The storage system is an HP StorageWorks product such as an XP12000 disk array. Software
The Tandem NonStop operating system micro-kernel and database is used. A database loader extracts data from real-time line-of-business databases, transforms it and loads it into Neoview storage. Data analysis tools are provided by partners such as Cognos and SAS which treat Neoview as a platform.
Users who input SQL queries against a loaded database need not consider Neoview’s parallelism. An Optimizer function ensures that its execution uses as many parallel resources as possible. Each disk drive has its own disk process and all disk drives are intelligently scanned in parallel for a single query with a scan in its execution plan. A database table can be scanned in hundreds of parallel streams.
The developing BI Market
Existing data warehouse suppliers like IBM and Teradata have specialized and proprietary HW and SW architecture to cope with mixed business intelligence (BI) workloads. Newer suppliers like Netezza use an appliance approach with commodity HW. These are characterized as good and fast for single stream BI work, such as analyzing calls in a phone company customer database. HP’s Neoview aims to combine the speed, simplicity and lower prices of BI appliances with the ability to run multi-stream BI work as well.
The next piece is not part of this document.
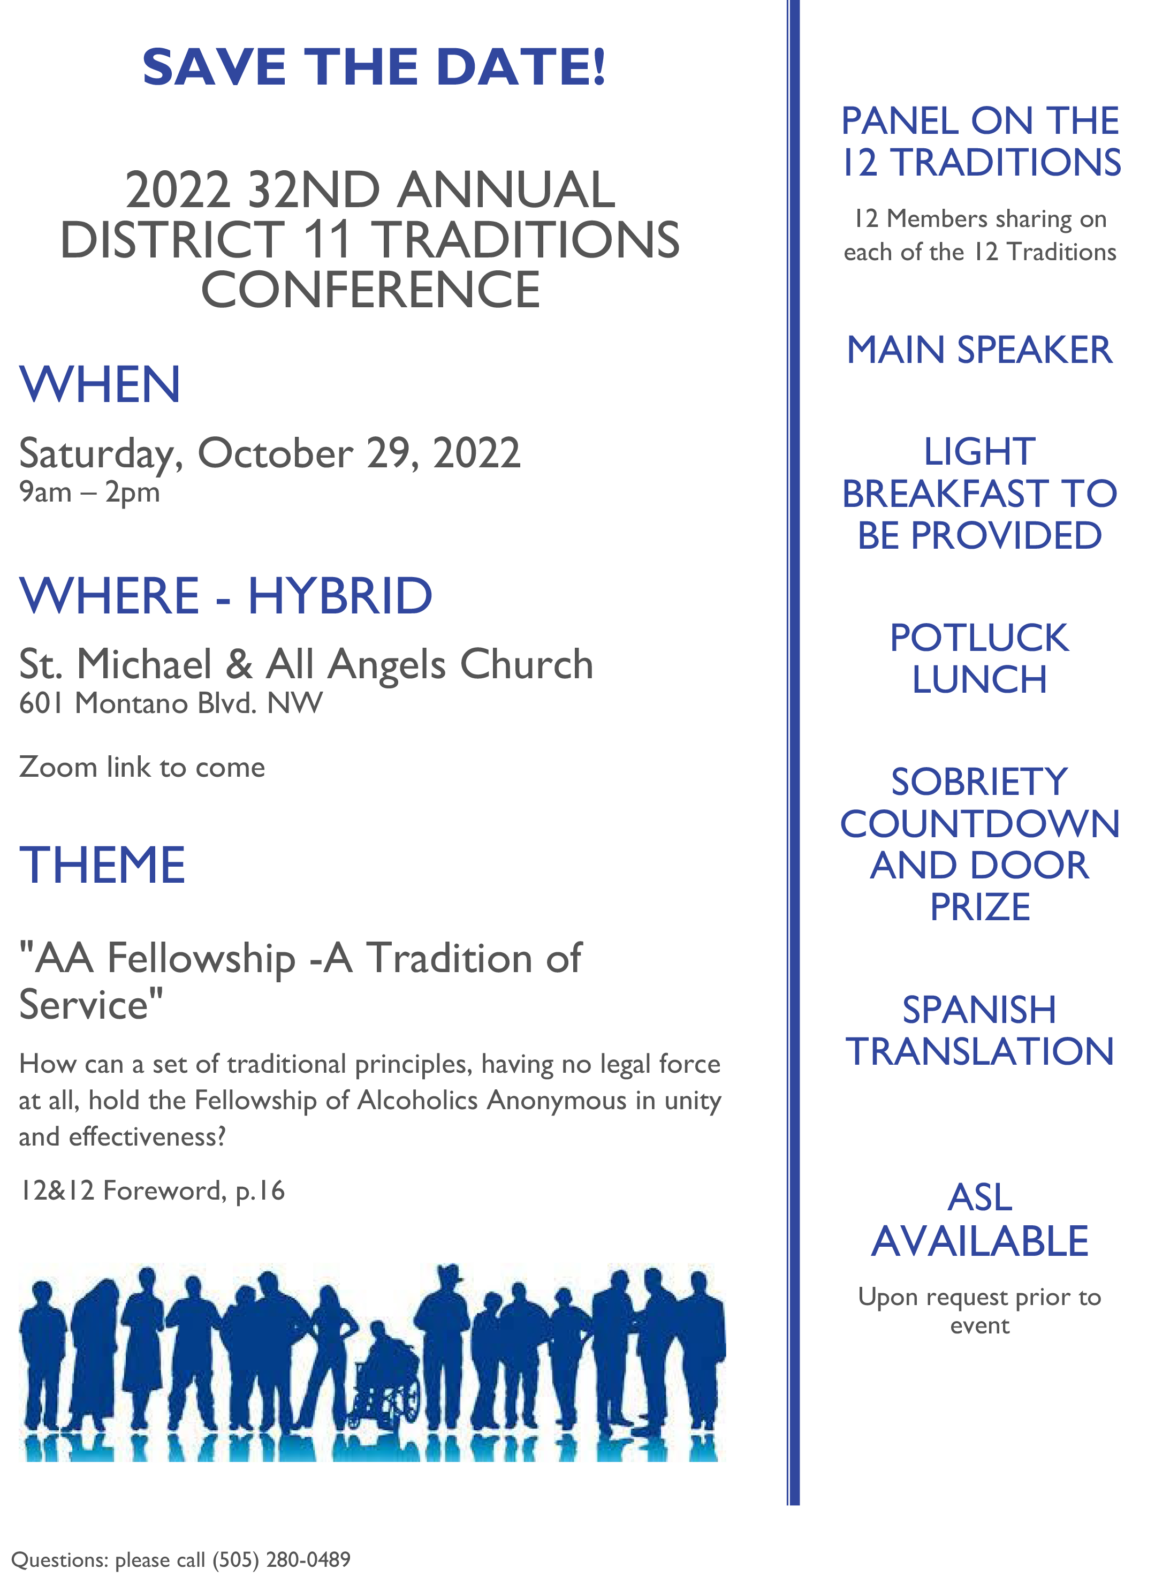 Oct. 29: Save the Date! 32nd Annual District 11 Traditions Conference
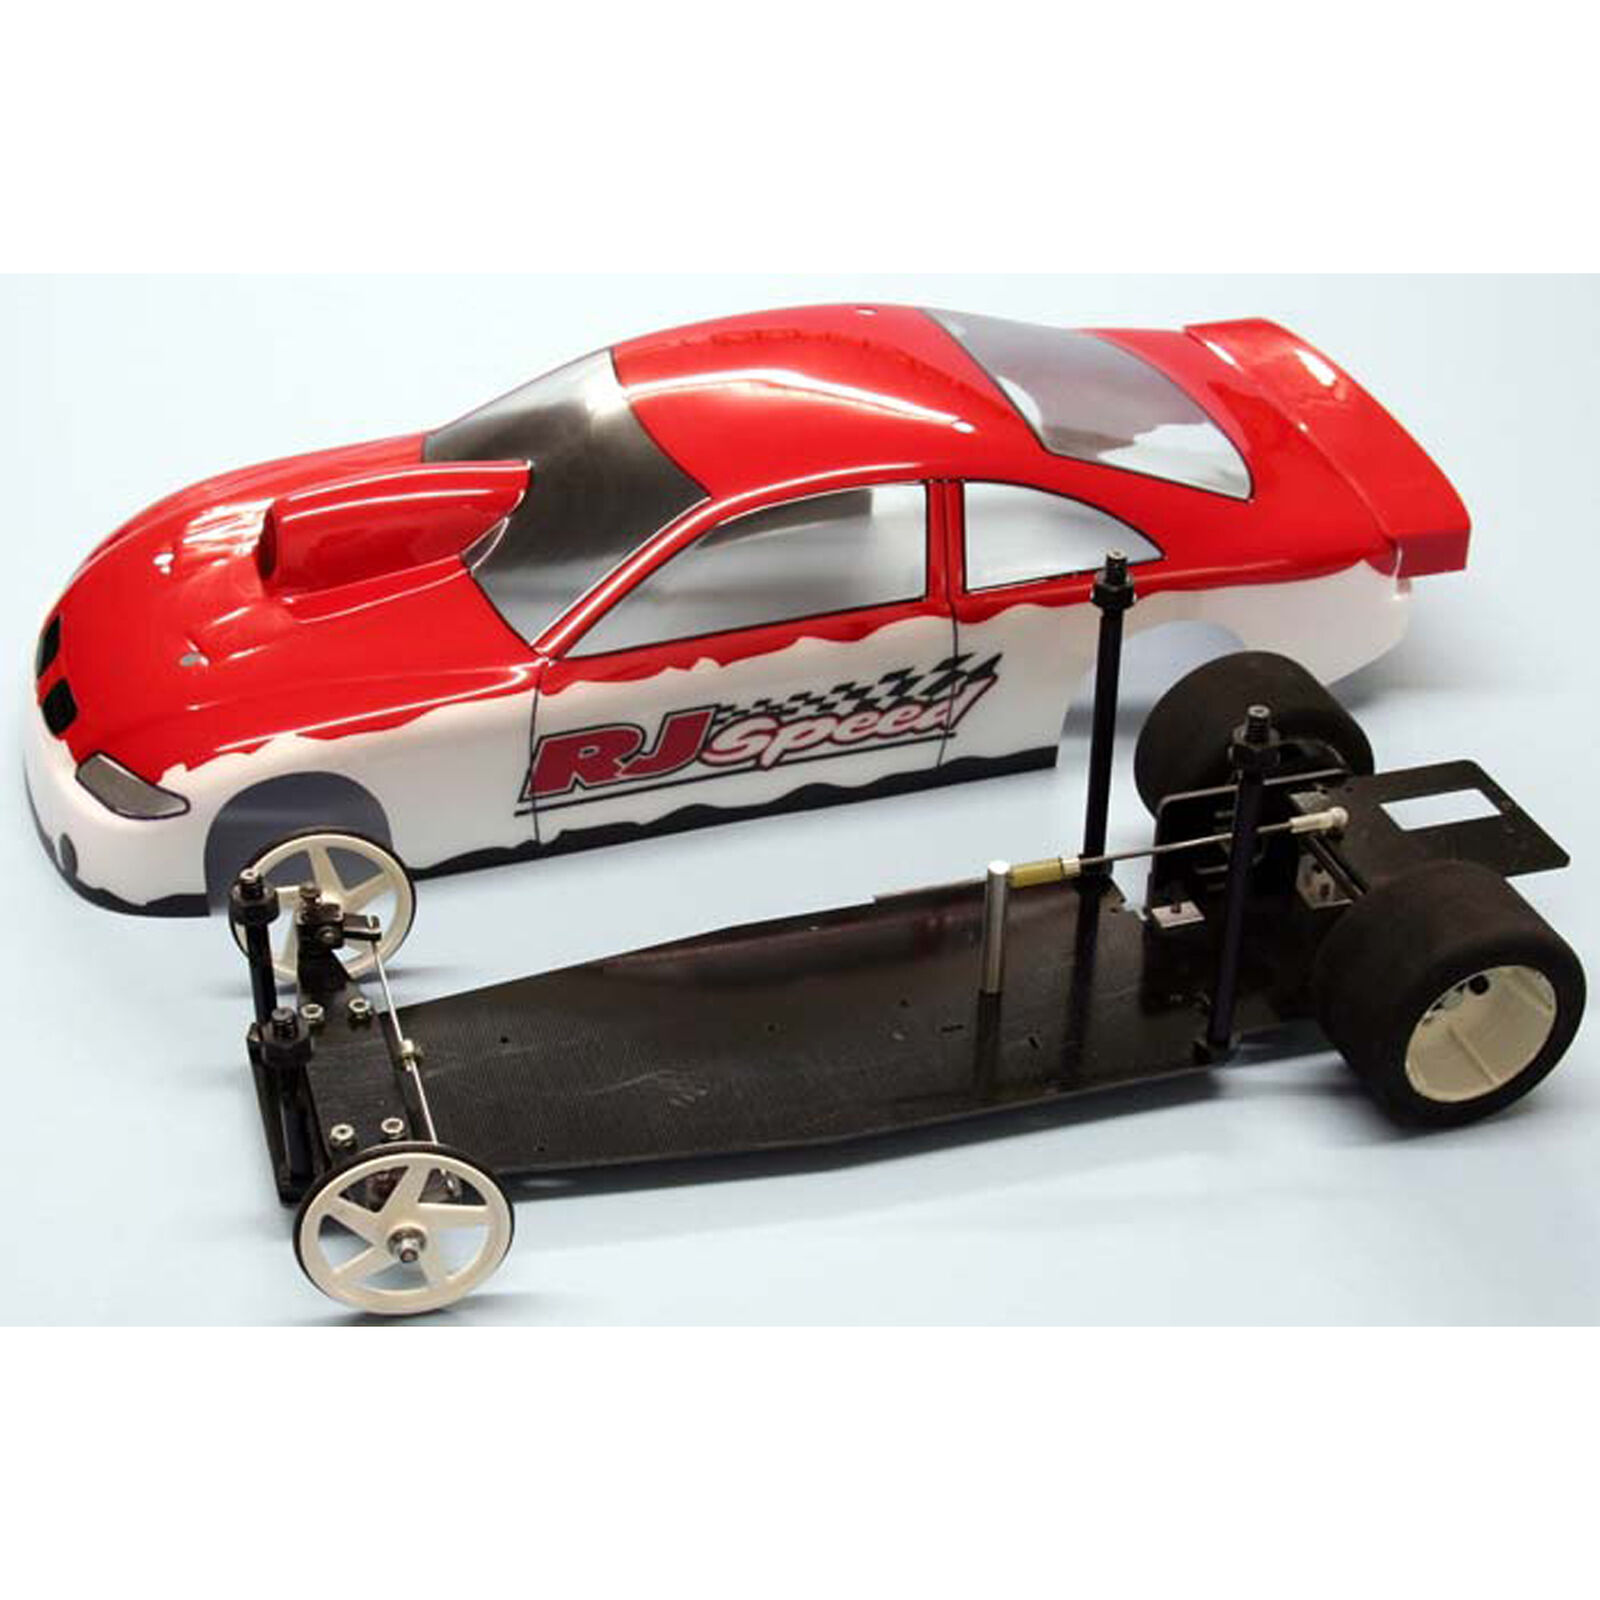 1/10 Electric Pro Stock 2WD Dragster Kit, 11"

Customers would then not be locked into proprietary HW. Sun is trying to do the same thing with its X4500 hybrid servers and a partnership with BI software supplier Greenplum.
Neoview has a far higher ratio of processors to data than the X4500, resulting in almost real-time execution of reports and analytic queries, according to HP. This is because of its clustered parallel architecture. Sun’s X4500 has two Opteron CPUs and it cannot be clustered — although that is expected in the future.
HP is using Neoview internally and is consolidating 750 separate data warehouses into just one company-wide data warehouse. CEO Mark Hurd once ran Teradata. HP’s CIO, Randy Mott, used to be CIO at Wal-Mart which has a huge Teradata installation.
There is no price for Neoview but HP people are talking of Teradata-class functionality at significantly lower prices. However a lot of consultancy will be involved in Neoview implementations and its price will reflect this.